I have no idea what this thing is connected to and am just thinking along theoretical lines. the classic situation is back emf that has a negative and positive spike, on the positive side it needs limiting, on the negative side it needs clamping to ground.
Right -- even in the theoretical motor case, the negative spikes get dumped to ground, and the positive spikes get dumped to VCC. Either way, VCC is becoming
more positive with respect to ground, not decreasing let alone going negative.
Well, I'm not sure. Can i use every diode listed?

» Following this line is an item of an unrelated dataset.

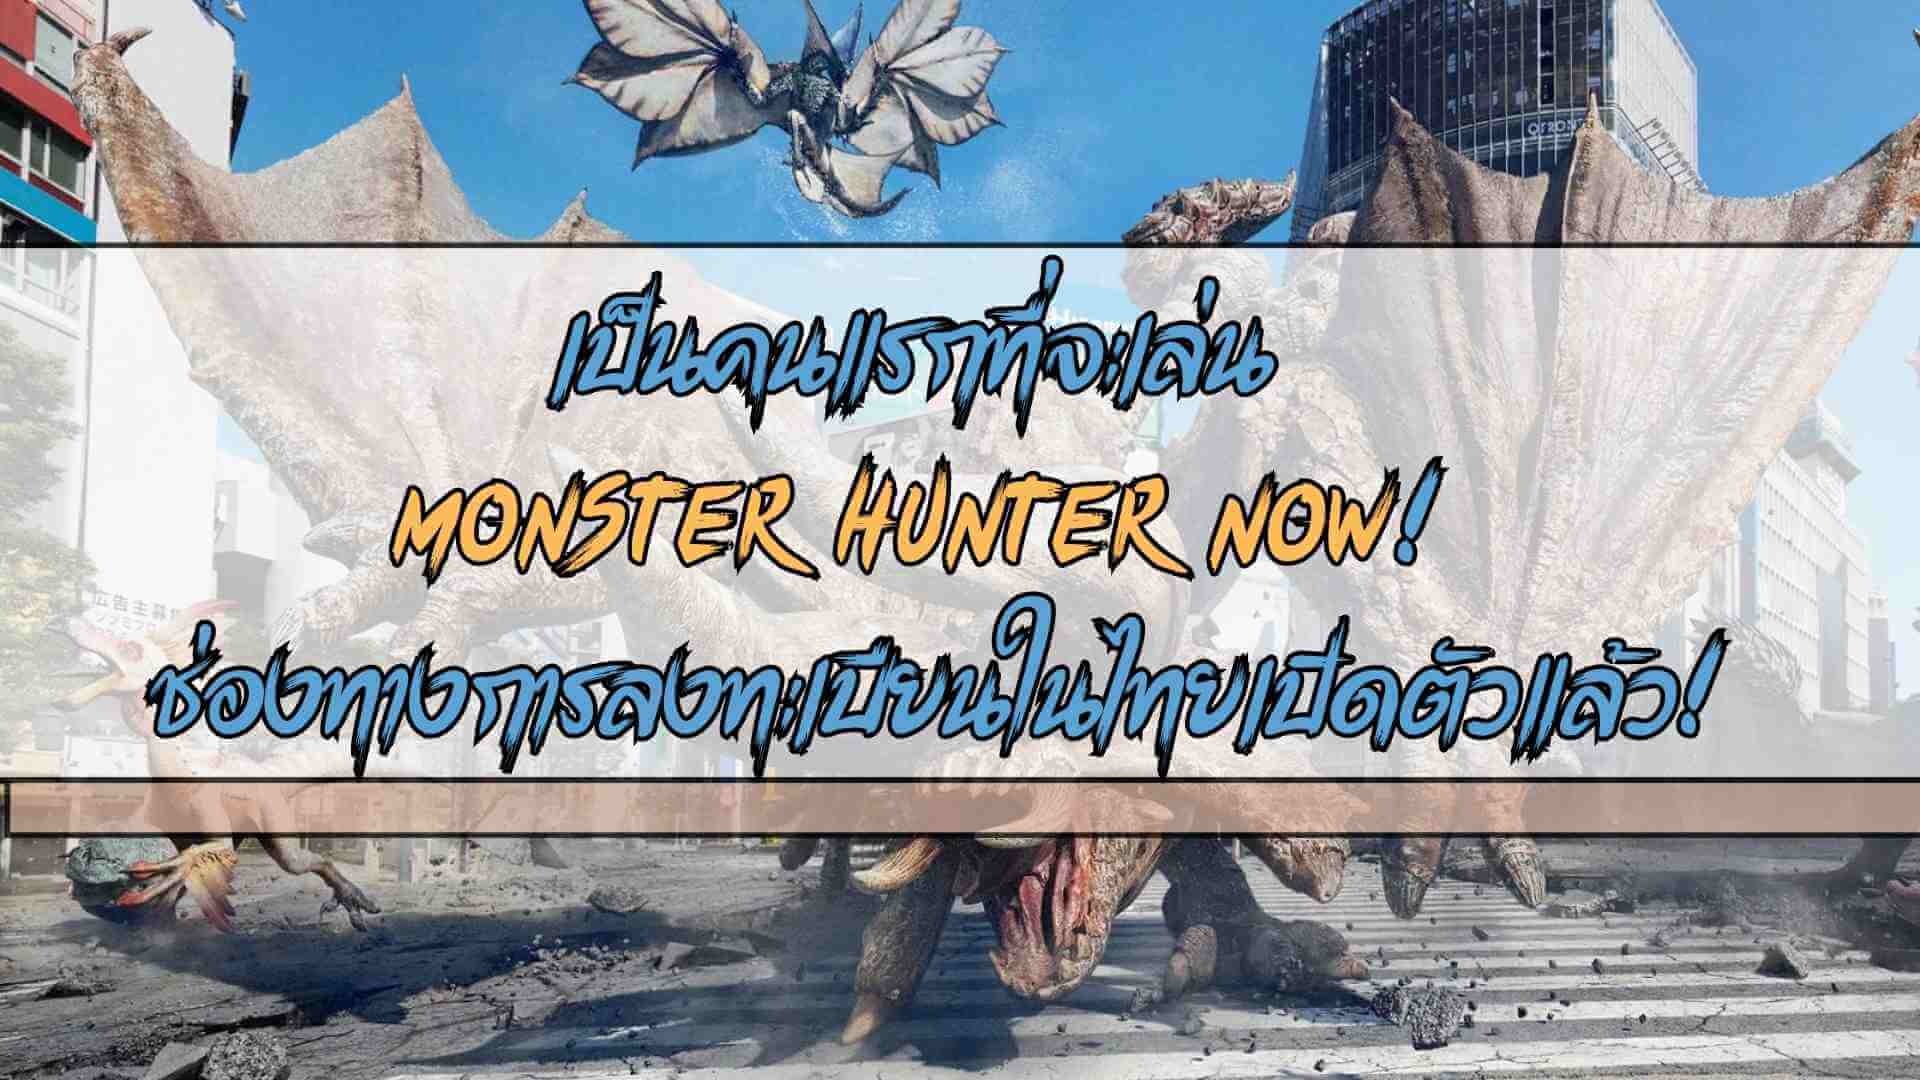 เป็นคนแรกที่จะเล่น Monster Hunter Now! ช่องทางการลงทะเบียนในไทยเปิดตัวแล้ว! มาล่าสัตว์ประหลาดขณะเดิน!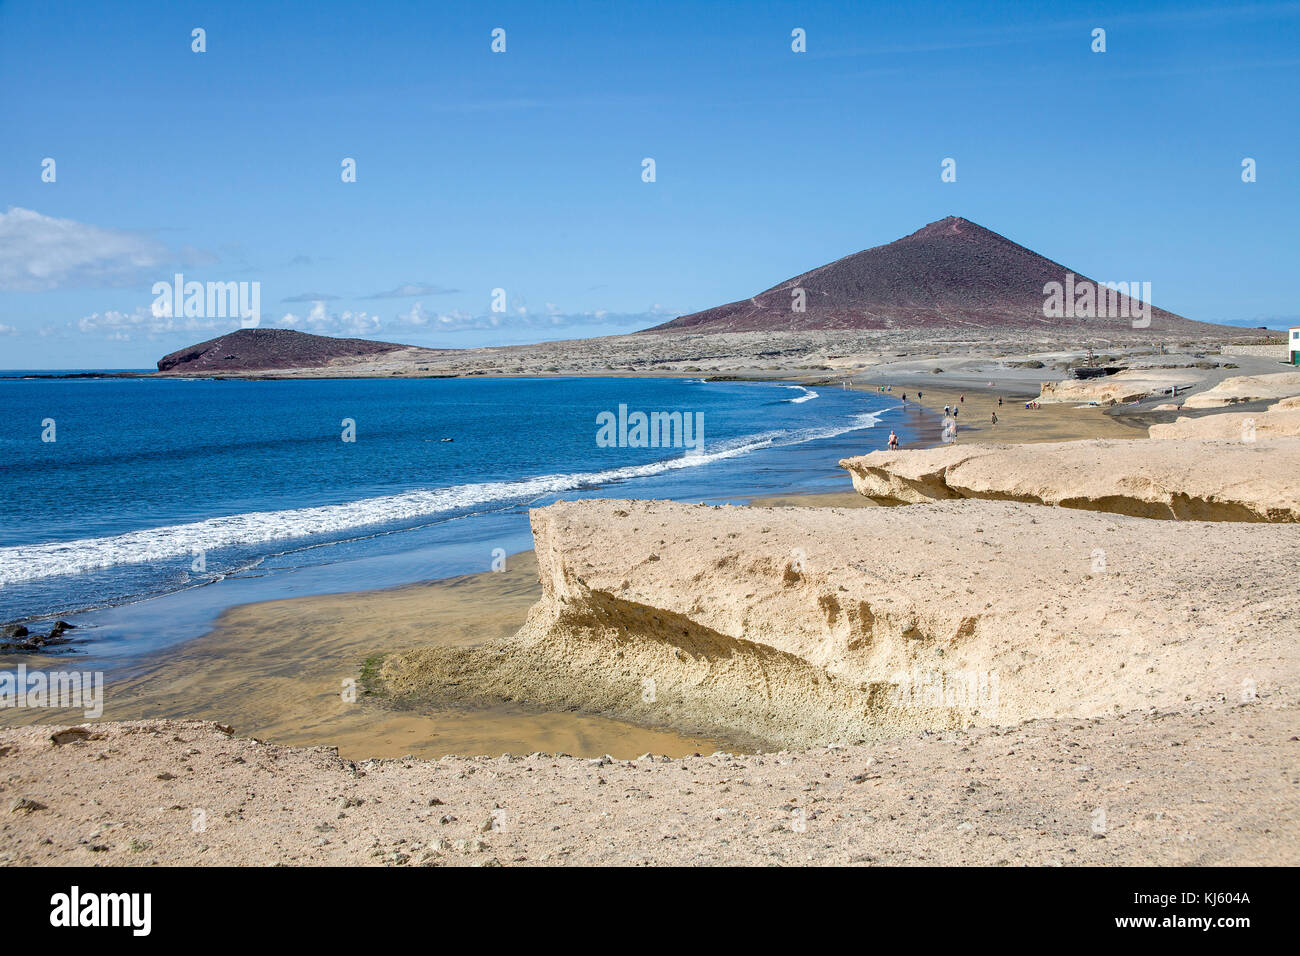 Strand von El Medano und Montana Roja, ein beliebtes Ziel für Surfer auf Teneriffa, Kanarische Inseln, Spanien Stockfoto

That link has had parameters preselected so it's only showing unidirectional diodes with a breakdown voltage in the 6-7V range, just like the one you specified in the first place. If you find a specific one that you can source somewhere (up to and include actually ordering from Digikey, probably not the optimal solution in Germany), feel free to post the datasheet here and we'll double-check it for you if you want. It's actually difficult with microcontrollers, because you might be operating the microcontroller at 5V, but the absolute maximum rating can be 6V (taking the ATMega8U2 as an example). So you need the TVS to be definitely completely open-circuit at 5V, but definitely completely closed-circuit at 6V. The part you originally specified won't actually do that, it doesn't start breaking down until 6.45V at least.
This is a good question, worthy of a new forum thread on its own: how do you protect a chip that nominally runs at 5V, but will be damaged by 6V? Because this sort of zener clamp isn't precise enough to do that. If you can run the micro at 3.3V instead, that'd be much easier.
If it doesn't interfere with the design, you should consider adding resistors on the test lines; that will limit the amount of current that can travel up through the protection diodes and into the VCC of the circuit. Otherwise, connecting a high-current 10V source to the pins will just blow up the TVS.